The rowcount estimate for the time column is bad for all these plans - do
> you
> know why ?  You're using inheritence - have you analyzed the parent tables
> recently ?
>

Yes. I used ANALYZE before posting, as it's one of the "things to try"
listed in the slow queries wiki. I even ran the queries immediately after
analyzing. No difference. Can you say more about why the bad row estimate
would cause Postgres to use the bigger index? I would expect Postgres to
use the smaller index if it's over-estimating how many rows will be
returned.

Mladen,

You know that you can use pg_hint_plan extension? That way you don't have
> to disable indexes or set session parameters.
>

Thanks for the tip!

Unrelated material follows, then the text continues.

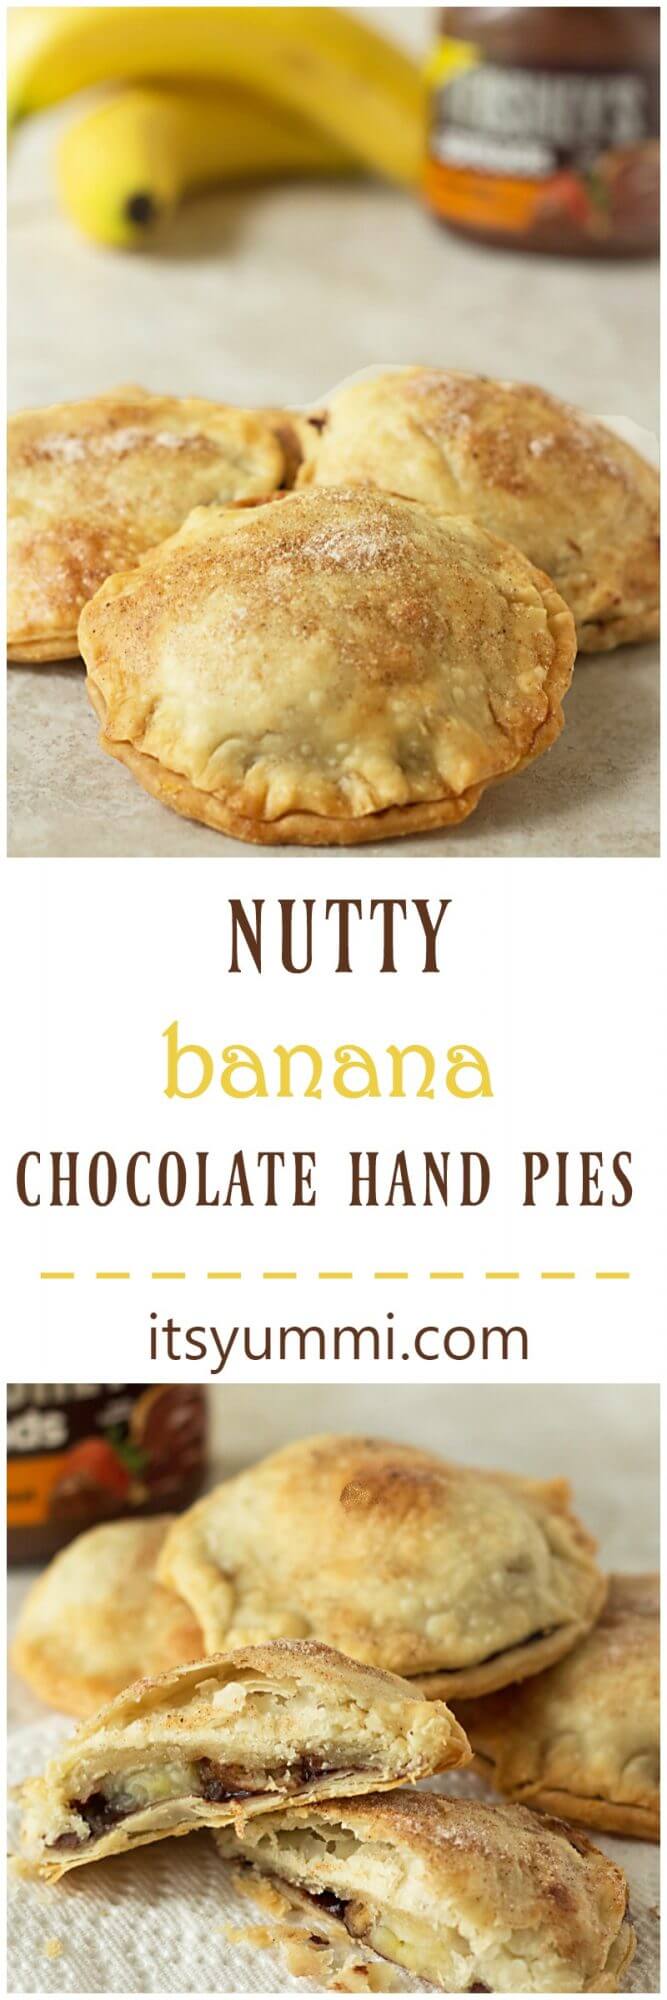 Nutty Banana Chocolate Hand Pies - A sweet treat! Flaky pastry is full of chocolate hazelnut spread, bananas, and chopped nuts. Get the recipe from @itsyummi

I didn't know you could use pg_hint_plan to force the
use of certain indexes. For now, I'd like to avoid hinting and fix the
underlying issue.

On Wed, Aug 11, 2021 at 11:45 PM Justin Pryzby  wrote:

> The rowcount estimate for the time column is bad for all these plans - do
> you
> know why ?  You're using inheritence - have you analyzed the parent tables
> recently ?
>
> | Index Scan using other_events_1004175222_pim_evdef_67951aef14bc_idx on
> public.other_events_1004175222 (cost=0.28..1,648,877.92 rows=1,858,891
> width=32) (actual time=1.008..15.245 rows=23 loops=1)
> |Index Cond: ((other_events_1004175222."time" >=
> '162477720'::bigint) AND (other_events_1004175222."time" <=
> '162736920'::bigint))
>
> --
> Justin
>


-- 

K. Matt Dupree

Data Science Engineer
321.754.0526  |  [email protected]


Re: Postgres using the wrong index index

2021-08-12 Thread Justin Pryzby
On Thu, Aug 12, 2021 at 09:38:45AM -0400, Matt Dupree wrote:
> > The rowcount estimate for the time column is bad for all these plans - do 
> > you
> > know why ?  You're using inheritence - have you analyzed the parent tables 
> > recently ?
> 
> Yes. I used ANALYZE before posting, as it's one of the "things to try"
> listed in the slow queries wiki. I even ran the queries immediately after
> analyzing. No difference. Can you say more about why the bad row estimate
> would cause Postgres to use the bigger index? I would expect Postgres to
> use the smaller index if it's over-estimating how many rows will be
> returned.

The overestimate is in the table's "time" column (not index) and applies to all
the plans.  Is either half of the AND estimated correctly?  If you do a query
with only ">=", and a query with only "<=", do either of them give an accurate
rowcount estimate ?

|Index Scan using other_events_1004175222_pim_evdef_67951aef14bc_idx on 
public.other_events_1004175222 (cost=0.28..1,648,877.92 rows=1,858,891 
width=32) (actual time=1.008..15.245 rows=23 loops=1) 
|Index Cond: ((other_events_1004175222."time" >= '162477720'::bigint) AND 
(other_events_1004175222."time" <= '162736920'::bigint))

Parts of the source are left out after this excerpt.